**Task prompt**
Below are records with pictures in them; print them exactly, omitting the pictures.

Start of Records provided

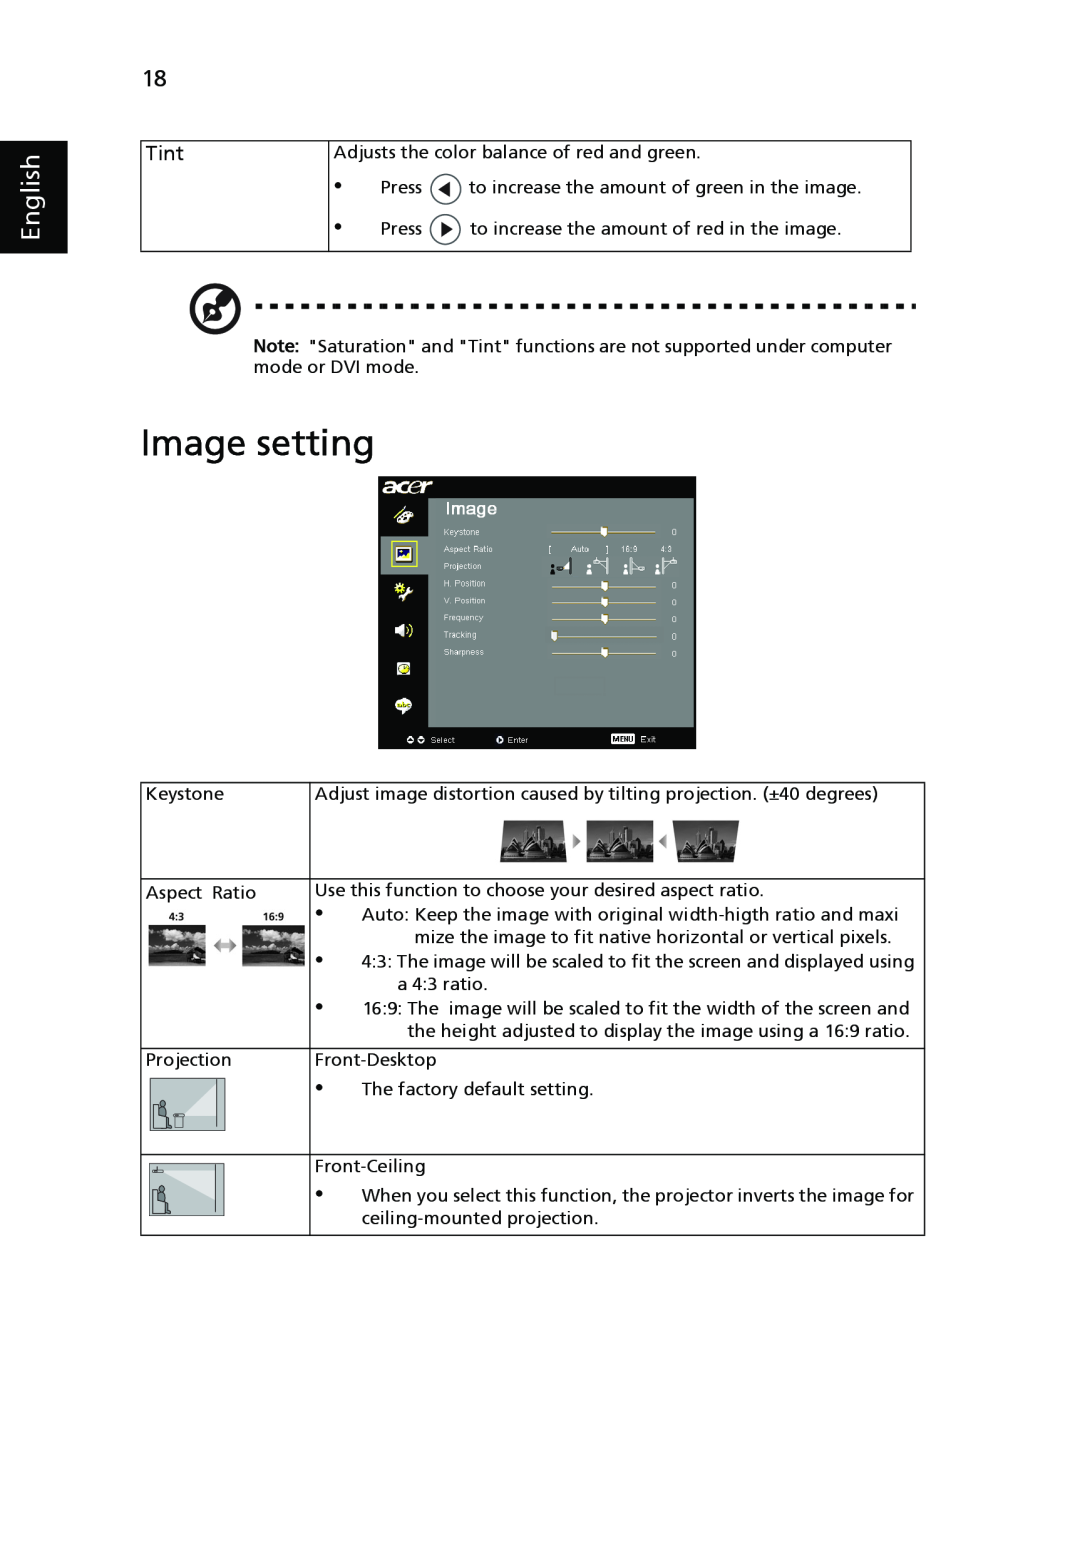 Acer P1265, P5270 manual Image setting, English, Tint 
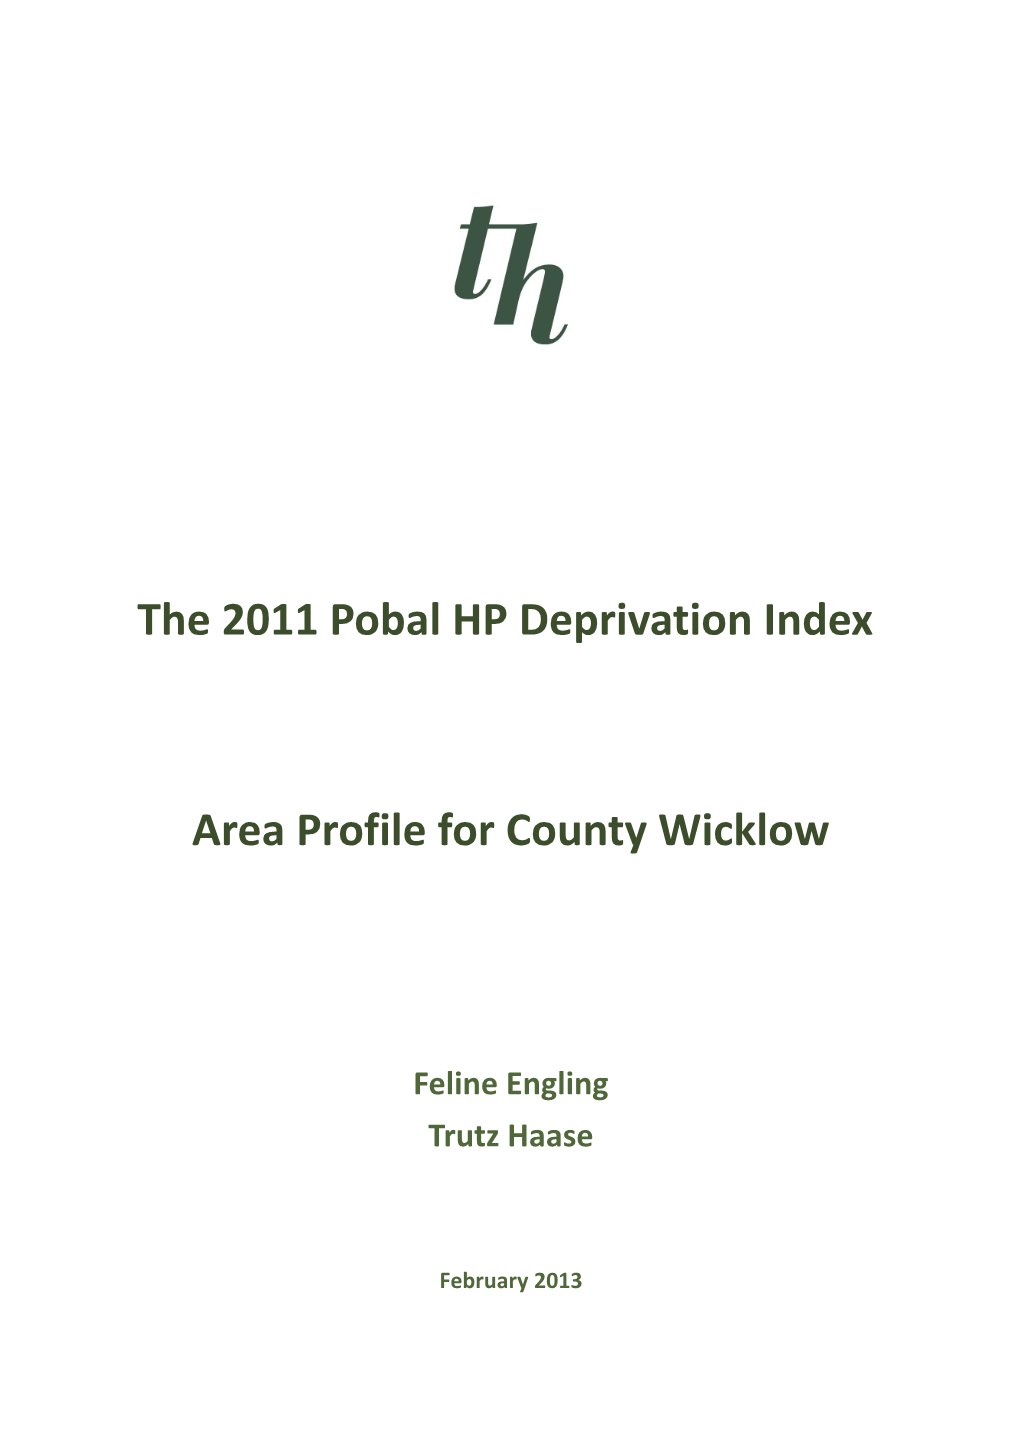 Area Profile for County Wicklow
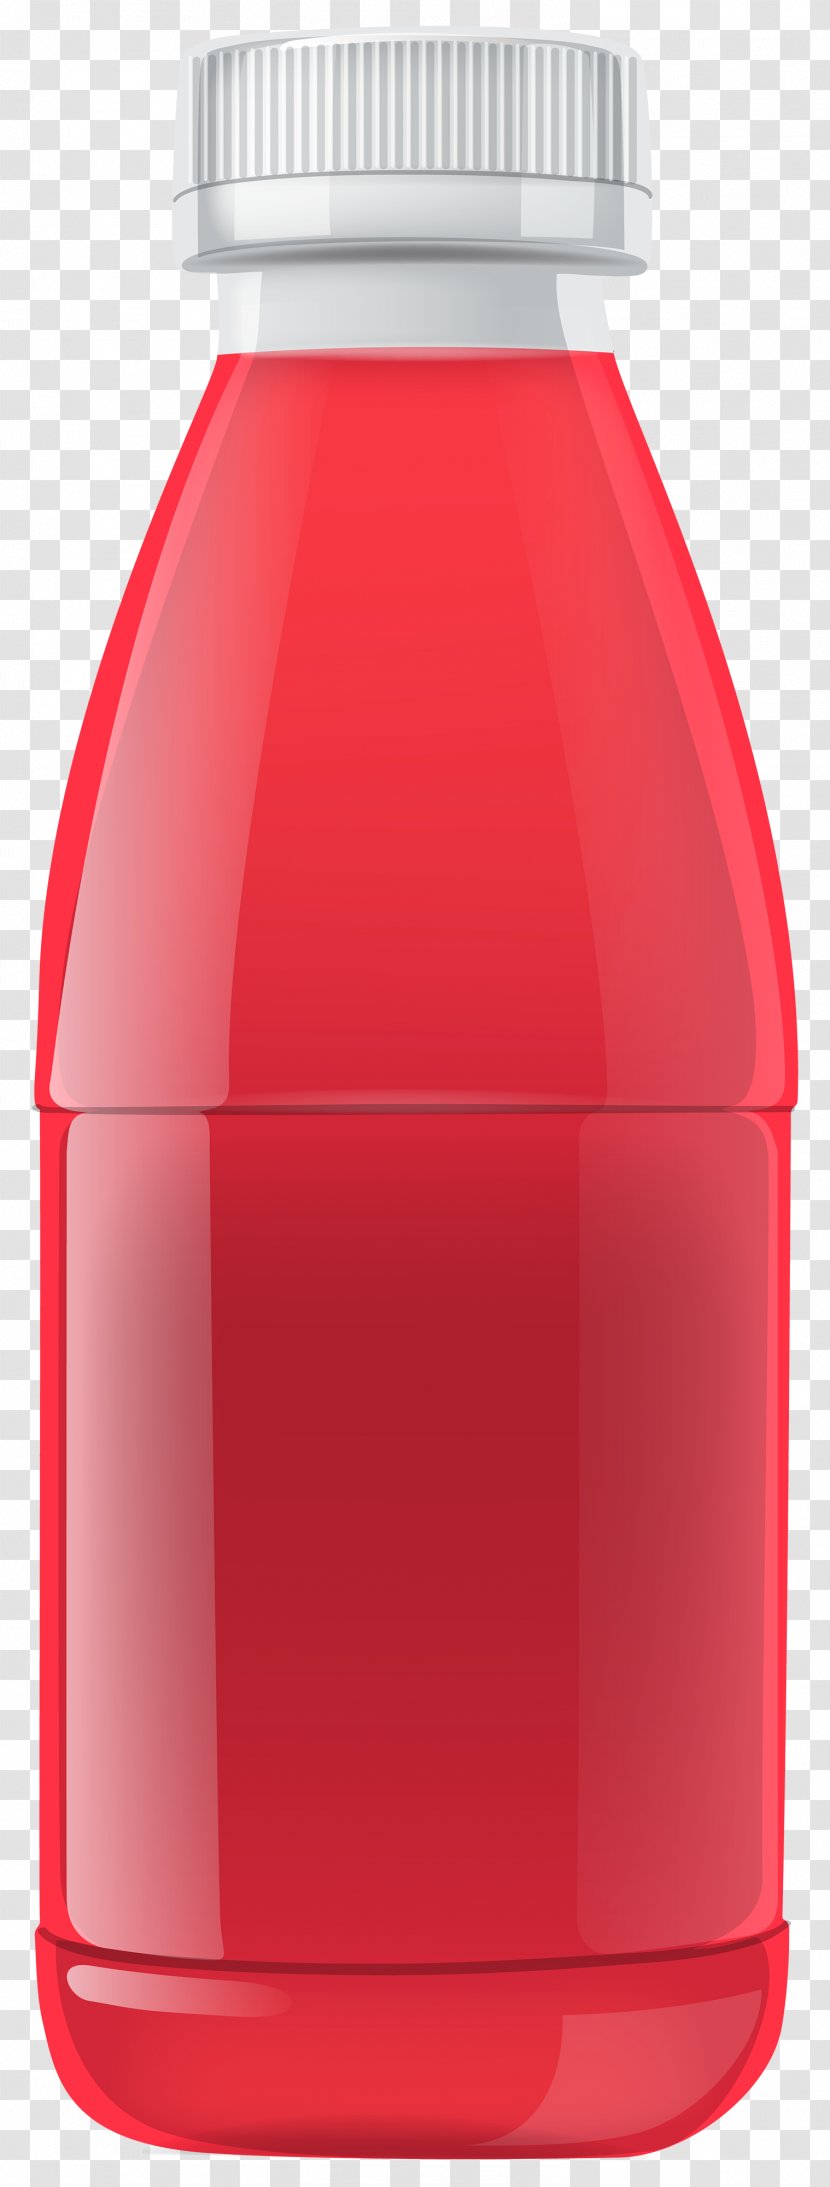 Juice Water Bottles Clip Art - Red - Fruit Juices Transparent PNG
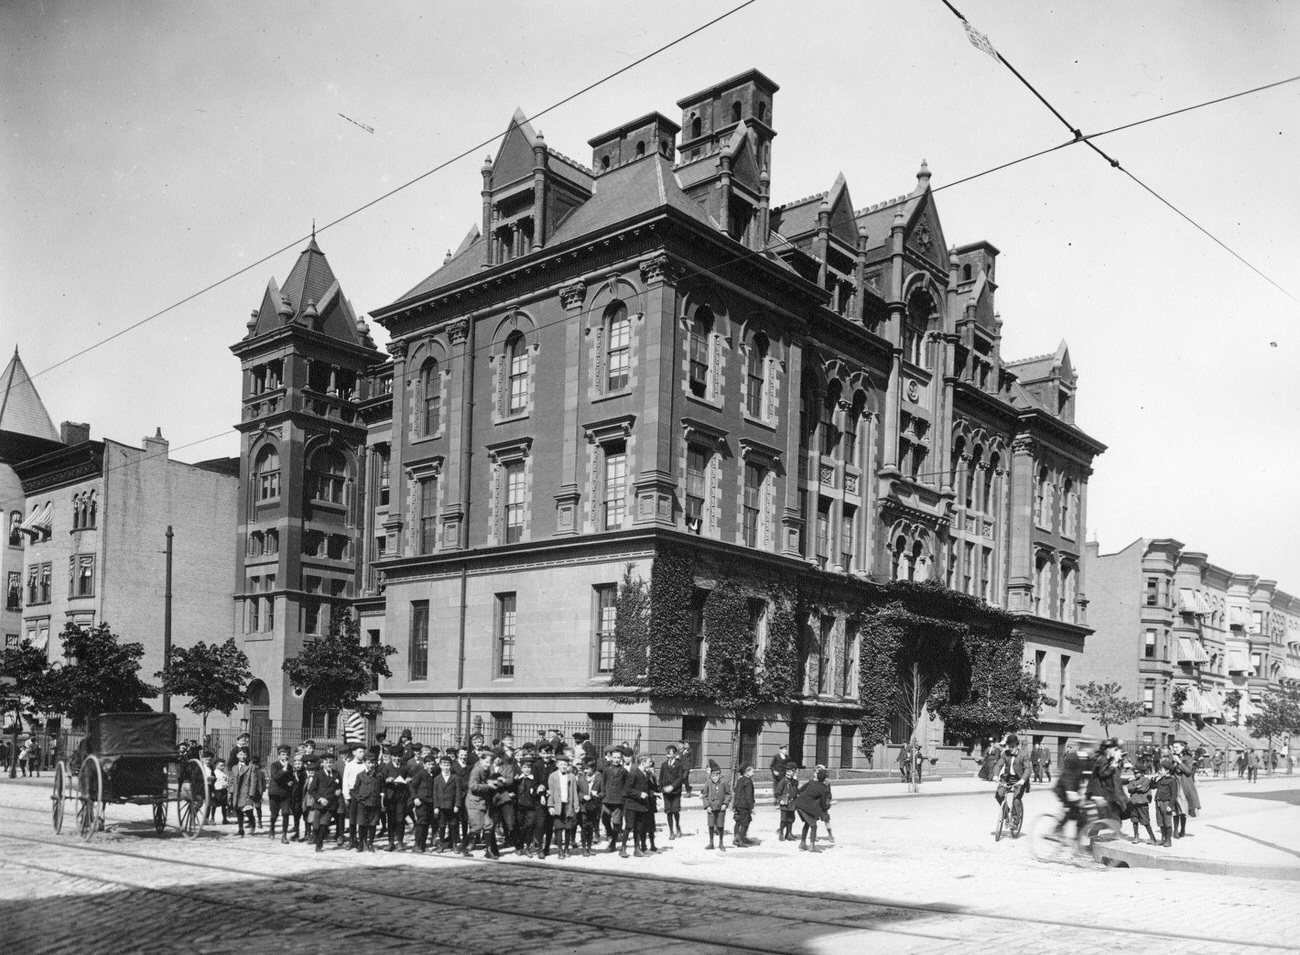 Unidentified School And Crowd Of Schoolchildren On Vanderbilt Street, Brooklyn, 1895
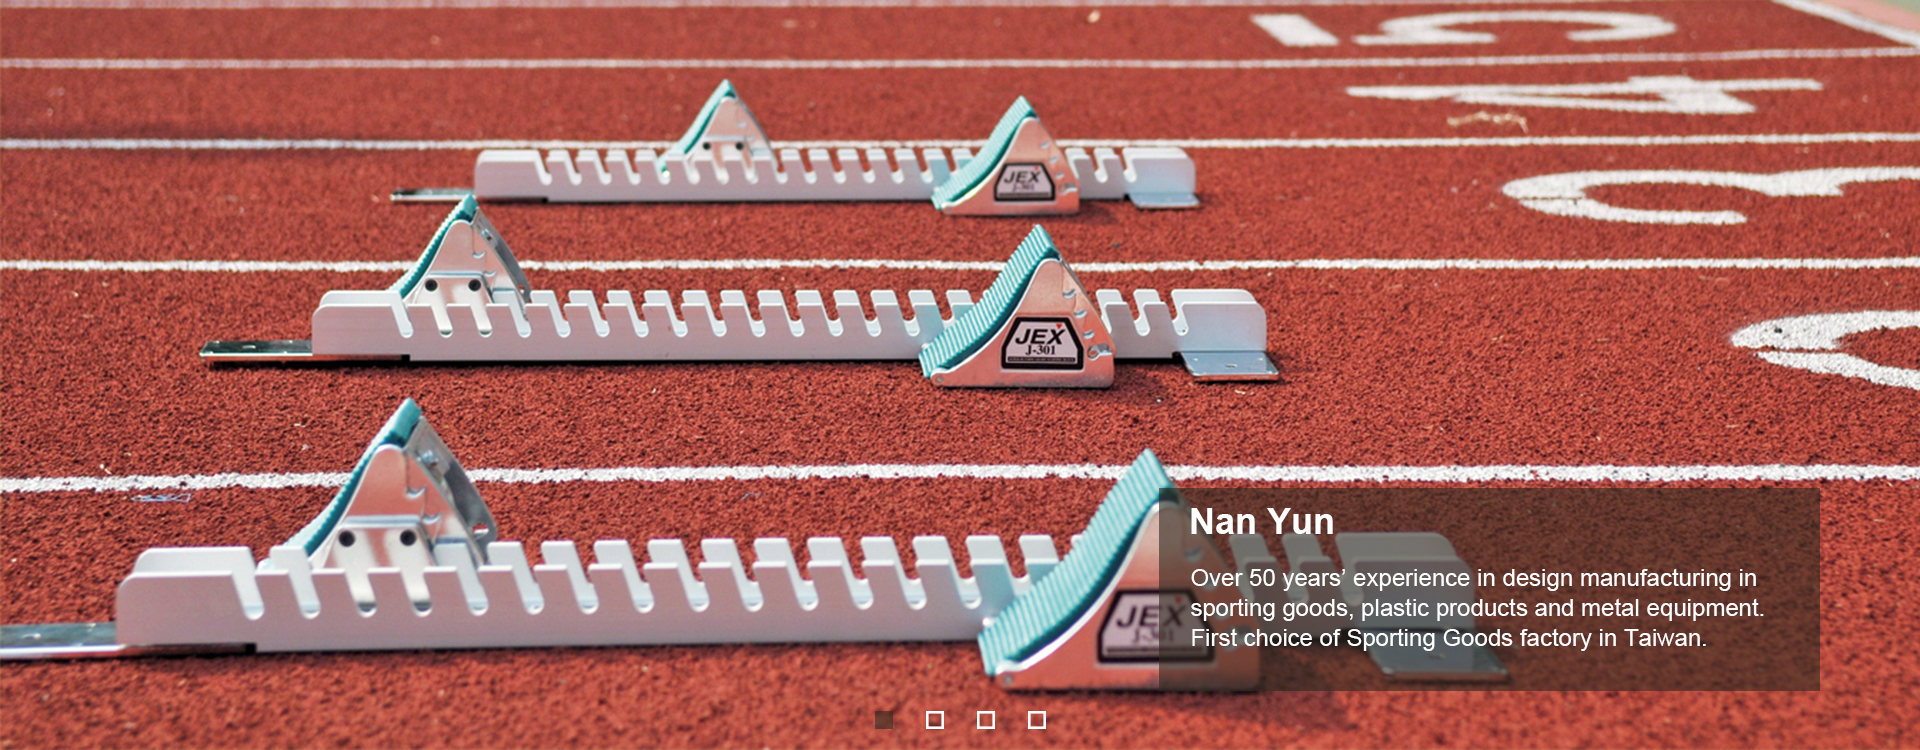 Nylon Shuttlecocks, Track & Field Equipment - Nan Yun Sporting

End of Records provided

**Reply to the task**
 Acer P1265, P5270 manual Image setting, English, Tint 
 Area Profile for County Wicklow
 Juice Water Bottles Clip Art - Red - Fruit Juices Transparent PNG
 Unidentified School And Crowd Of Schoolchildren On Vanderbilt Street, Brooklyn, 1895
 Nylon Shuttlecocks, Track & Field Equipment - Nan Yun Sporting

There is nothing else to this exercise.